Ask Dronov, however, if lending him 2 or 3 million government dollars at reasonable interest rates amounts to squandering money.
“We could put out 20,000 or 30,000 combines,” he said. “We could have the conveyors ready in a month.”
The Tula combine factory, with its designs for a new mini-tractor ready for large-scale production, could give Russia’s new, small-scale private farming a real boost, improving critically needed food supplies.
“We just need the money to buy materials,” Dronov said. “And there’s no money, because of non-payments.”
Non-payments are the several billion dollars that Russian factories, suppliers and retailers owe each other and are unable to pay--either because the banking system is so gummed up that it can take months to transfer money or because their own customers have not paid them.
Dronov, for example, owes more than $1 million to his suppliers, and his customers owe him almost $2 million.
Because his main customer, Rost-SelMash, the massive harvester factory in Rostov, has not paid a cent since November, Dronov has stopped sending it the giant six-yard-long blades he makes for it. So they litter the factory’s extensive grounds like bright orange modern sculptures, and he has no money to pay his metal suppliers.
And neither can he borrow it. Commercial banks, he said, charge him up to 200% interest on loans, making them a last resort to which he turns only when cash runs out for workers’ salaries.
But for all his complaints--including an impassioned speech that impatient lawmakers cut off at the last Congress of People’s Deputies--Dronov has gotten no help from the government.
“It’s all politics,” he said.

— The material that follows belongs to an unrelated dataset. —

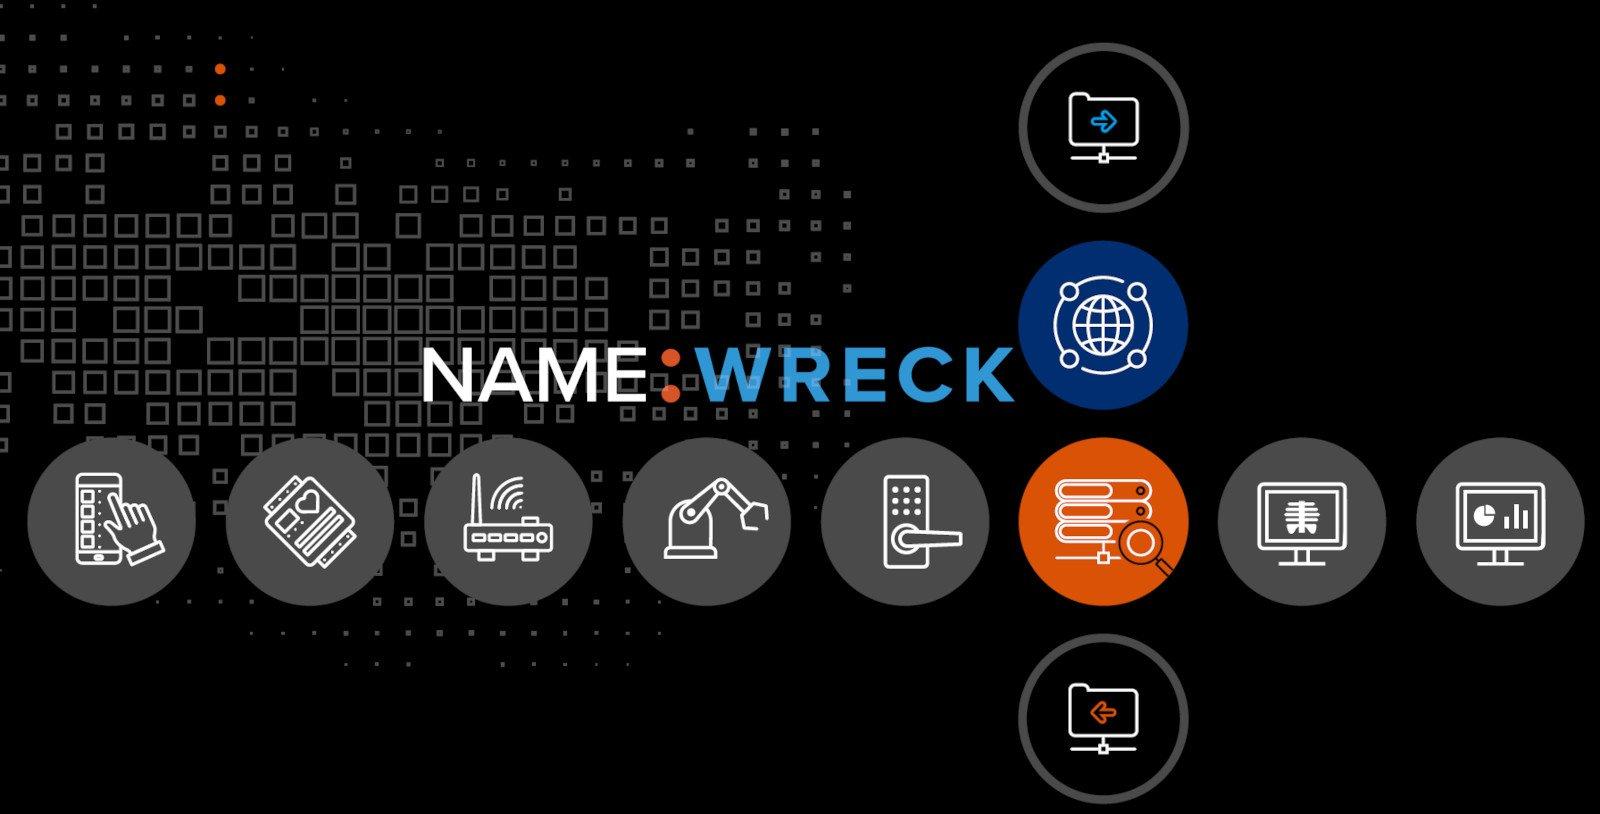 Уязвимости NAME:WRECK опасны для миллионов IoT-устройств

A recent statement from Chernomyrdin confirmed that charge.
“We will not repeat the mistakes of the recent past,” the prime minister said, “in which the size of the credits and subsidies doled out depended on the pressure exerted by the directors of industries and individual factories.”

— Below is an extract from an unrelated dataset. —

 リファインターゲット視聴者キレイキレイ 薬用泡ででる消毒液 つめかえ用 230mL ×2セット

Part of the subsidy problem is that so very many products are of critical importance, and the Gaidar government could not decide which came first.

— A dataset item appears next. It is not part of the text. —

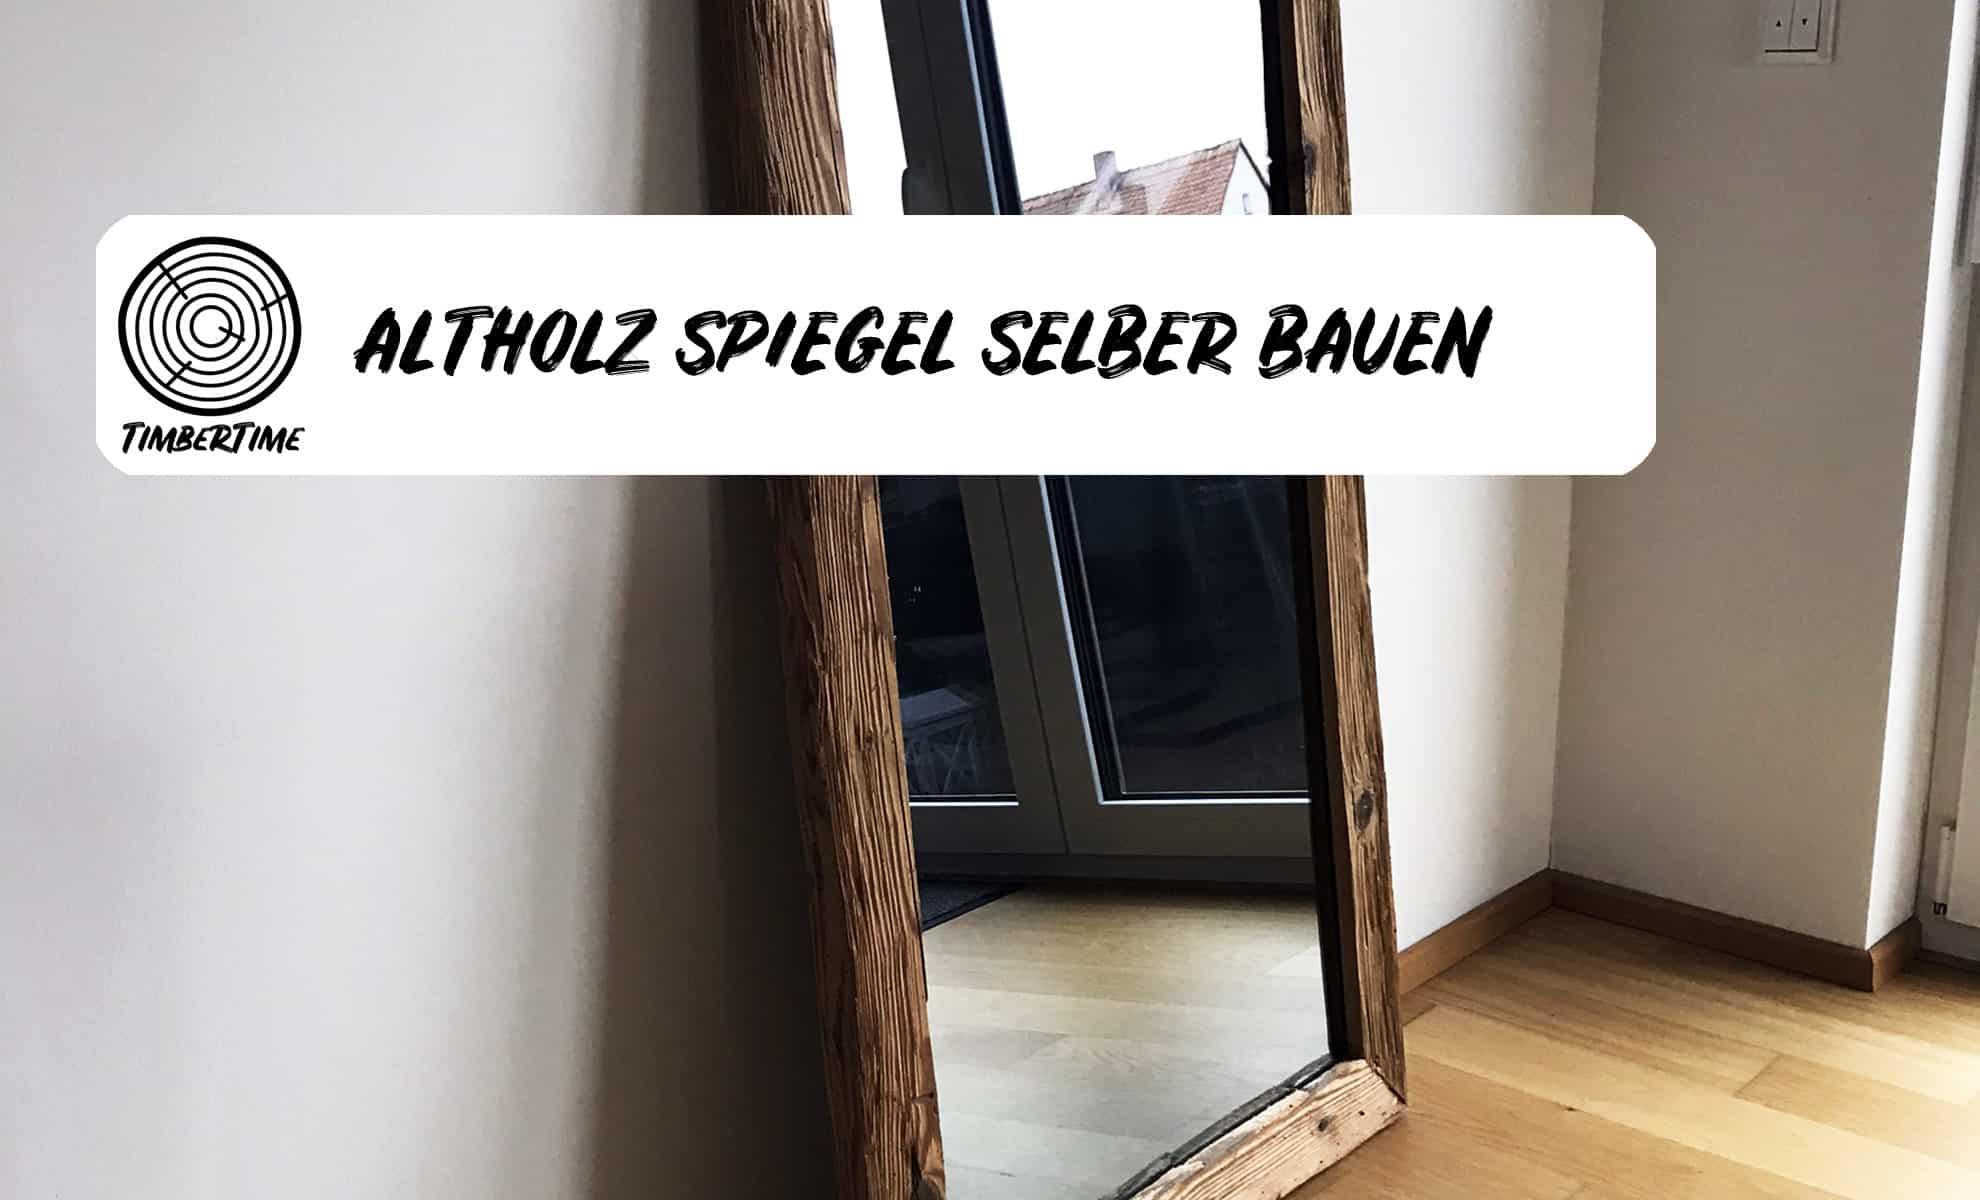 Altholz Spiegel selber bauen

Asked what industries had been receiving special government help, Vladimir Alyoshin of the government’s Industrial Economy Department said: “We gave money to the energy and heating complex, to factories that earn hard currency, to agricultural products and factories that make agricultural machinery, to the food-processing industry, to base sectors like metallurgy. . . .”
He could have gone on and on.
Now, according to the new government policy Chernomyrdin announced, subsidies will go only to individual projects deemed worthy of help. The new industrial policy panel on which Khutoretsky serves was created this fall in part to help decide where money should go.
The Russian government “needs to define whom we support and whom we don’t and what niches we want to fill on the world market,” Fyodorov said.
Under the new policy, directors such as Dronov should find it even harder to get cheap government credits and loans. They also could face being fired by the government if they are shown to be managing the factory badly, price-gouging or giving bonuses instead of investing.
Khutoretsky, told about Dronov’s plans for mini-tractors, sounded unexcited. Plenty of other factories are planning to, or are already beginning to, produce mini-tractors, he said, and Dronov should find foreign partners if he needs investment.
Directors prefer government loans, he said, because they are not only cheaper but are frequently forgiven altogether. But the old dependence on the state, conditioned into producers for decades, must be broken.
Dronov is willing to get along without the credits. He has still not laid off any employees, although the plant closed for more than a week during the New Year’s and Christmas holidays. The workers earn better than average wages--about $15 a month--and busy themselves producing parts for tractors they hope will be ordered, or turning out other consumer goods the factory has taken on.
And the Tula combine factory seems far too big for the government to allow it to close down altogether.
“But if they gave us credits,” Dronov said, “we’d do everything twice as fast.”